The Visitor Pattern Needs Fixed. Here's How.

The Visitor Pattern is a powerful idiom of object-oriented programming. It has the unique power to break through the type system and recover hidden type, all while using the type system and double-dispatch to accomplish this feat. Through this superpower, it is able to give the impression of adding new behavior to closed classes.

The visitor pattern is very powerful, but it is also quite burdensome. Classes to visit must implement an #accept method that takes a visitor, and then immediately calls that visitor with itself (generally, or some data on itself). This double-dispatch is what allows the type to be recovered, since a type's this will always be its own type. The problem then, is that there is a repetition on all of the different types to visit. Each subtype must implement #accept. It also treads the line of an SRP violation. A class must be concerned with what it does, plus allowing a visitor to visit it.
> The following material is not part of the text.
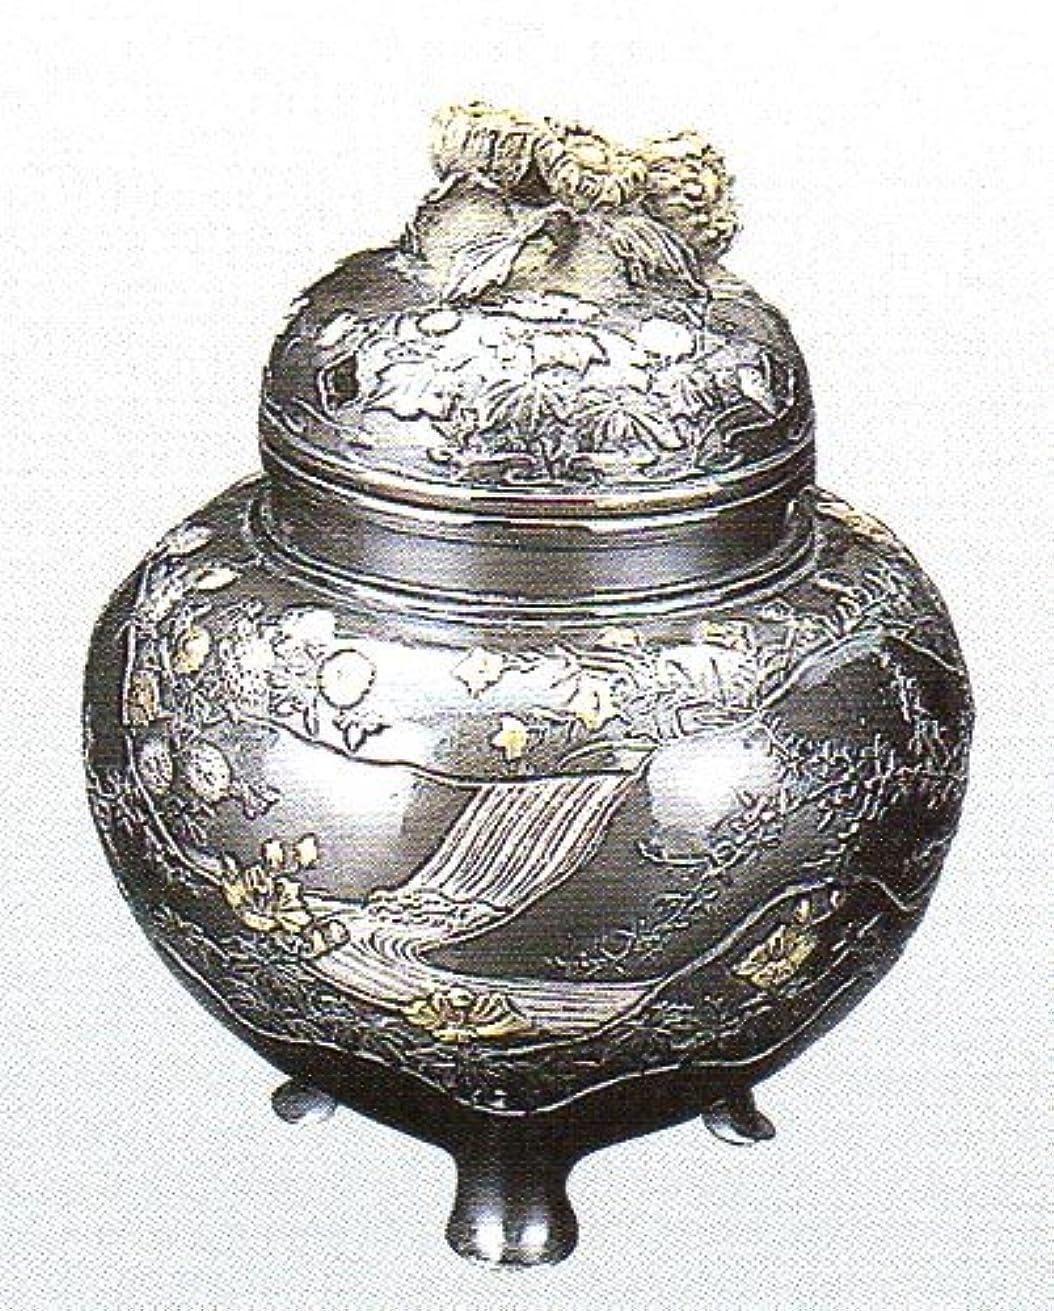 失敗軽量オーロック香炉 四季 蝋型青銅製 桐箱入 高さ10.2×幅9.2×奥行9.2cm
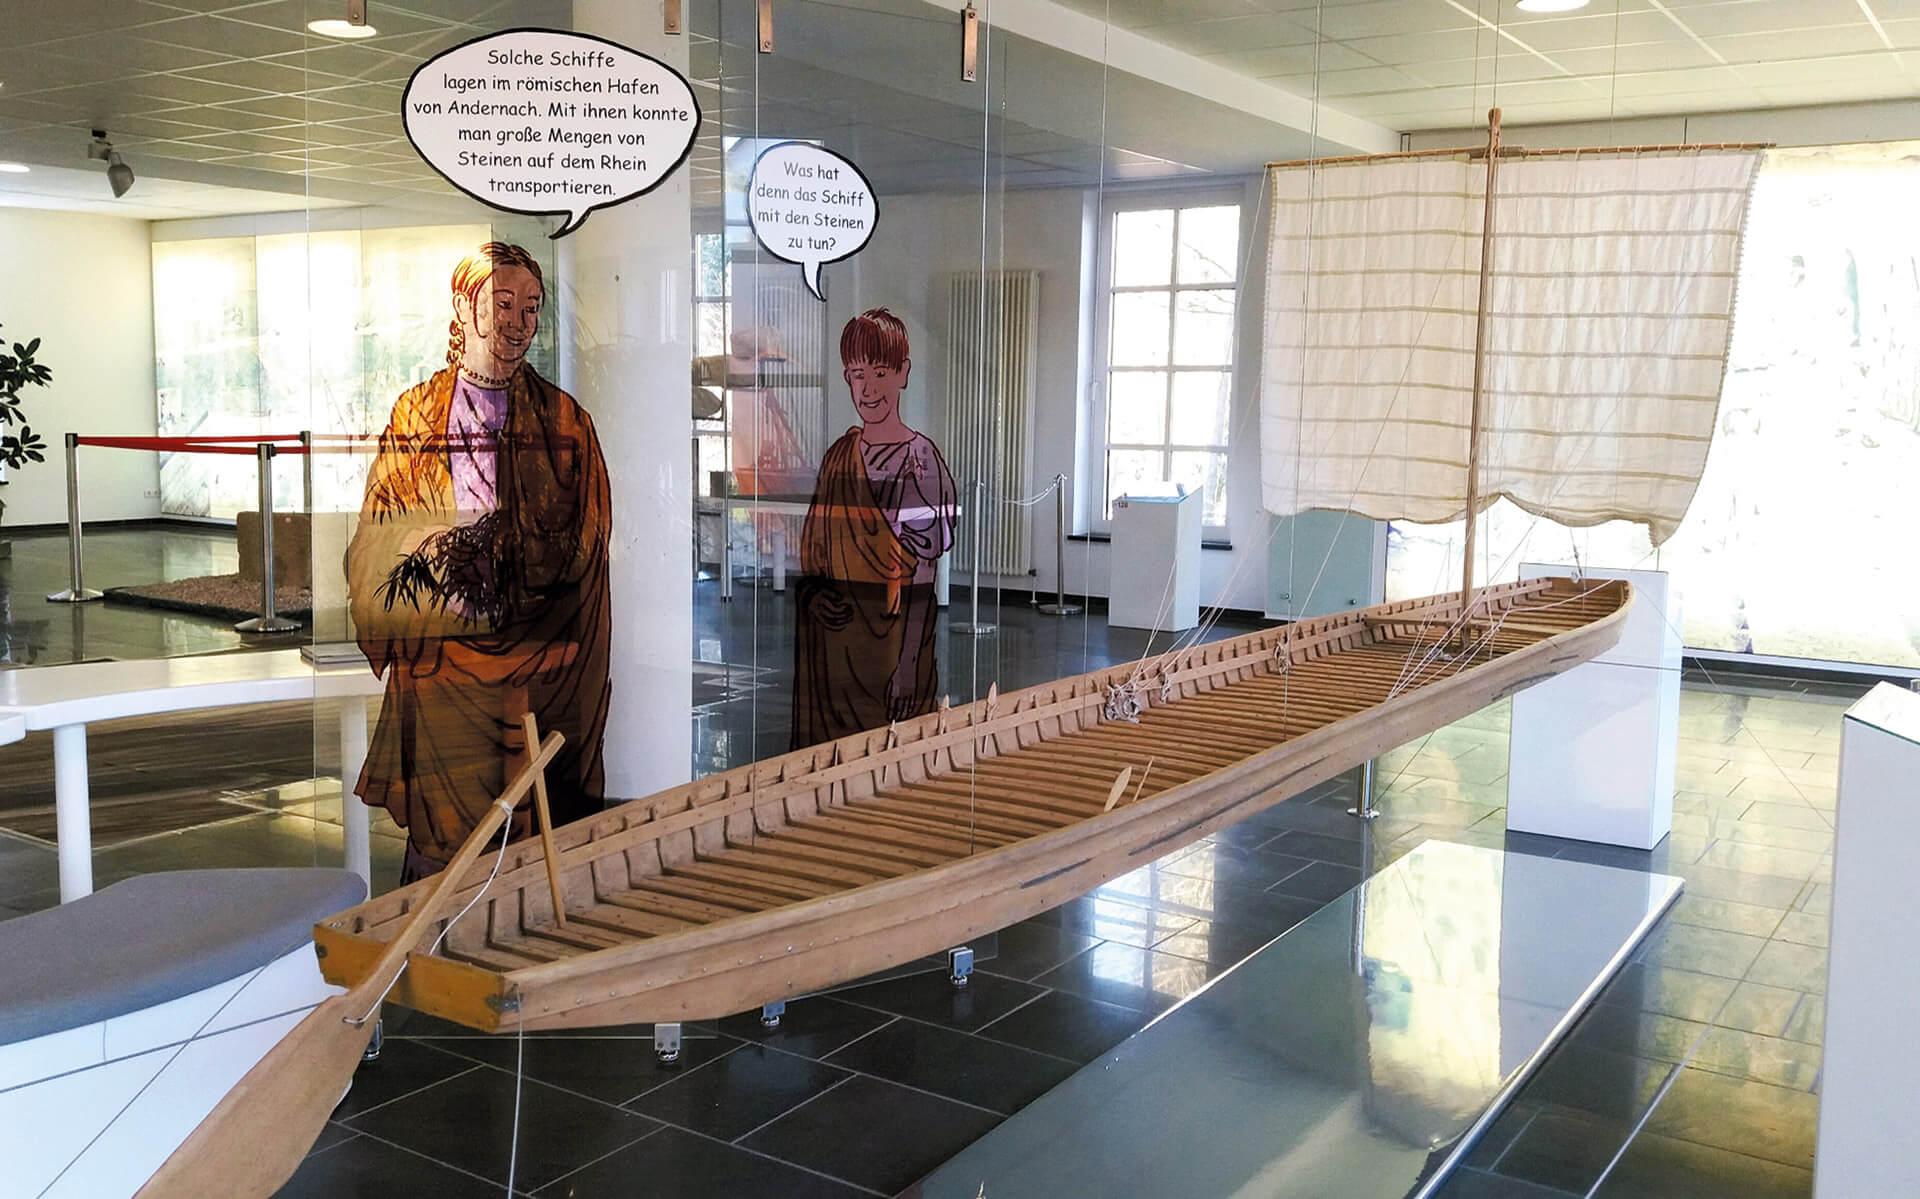 Vulkanpark, Infozentrum. Mit dem Plattbodenschiff (Phram) wurden Steine auf dem Rhein transportiert.

This really has never sat that well with me, so I began to think about how the visitor pattern could be improved through better programming principles. On one end, we have the maxim of favoring composition over inheritance. If the visitor pattern is used to visit subtypes, then there is often inheritance used in some fashion to accomplish this. Could we instead wrap the object to be visited? If we want a set of Foo types to be visited, could we implement a VisitableFoo that implements Foo and the visitor pattern. It would take a Foo and delegate to it for all the other calls, and implement the visitor pattern for when a visitor is used. The upside is that now the Foo responsibilities are separated from the visitor responsibilities. The downside is that either there will now need to be an equivalent VisitableFoo hierarchy to the Foo hierarchy, or we will need to write explicit type-checking code into VisitableFoo against its wrapped type.

At the other end, we have functional-style programming. Ruby blocks are an exemplary way to inject behavior into an otherwise closed piece of code. By using higher-order methods and functions, new behavior can be injected like any other parameter. This functional style is becoming so popular that it is starting to permeate even into more rigid languages, like Java. Higher-order functions are a great way to inject behavior, but they do not differentiate based on type. They can be used to make a straightforward interface for a visitor, but do no obviate the need for double-dispatch on subtype. Functional-style programming also brings the idea of monads into more common parlance in the programming community. Monads are interesting in that they can create seams at which behavior can be injected, all through generic composition. An optional monad can wrap any type of object and respond properly based on its null-ness.

These ideas all started to coalesce in my mind together. What if we take one bad thing, explicit type-checking, and encapsulate it in a way that makes a much simpler, more agreeable interface for the visitor pattern? What if we also make it generic enough that it could work on any arbitrary inheritance chain? This is how my ideas for the Acceptor came to be. There is currently both a C# and a Java implementation.

Rather than having to implement the visitor pattern on the objects we want to visit, let's wrap those objects into something more generic that just decides if the inner object is the right type for the visitor. While there is some explicit type-checking code, it is hidden away in the Acceptor object, and all the outside needs to know is that it has an #accept method that takes a function with a parameter of a specific type. If the inner object is of the right type, the function gets called with it; if it is not the right type, nothing gets called. Now any object can be visited, and we can get the type we want. This takes the responsibility off of the visited type, but it also takes the control from it as well. The visitor, not the visitee, decides the condition of visitation.

This leads to a very clean separation of concerns, and objects no longer need to worry about whether to implement the visitor pattern. Through basic composition, the behavior can simply be added generically.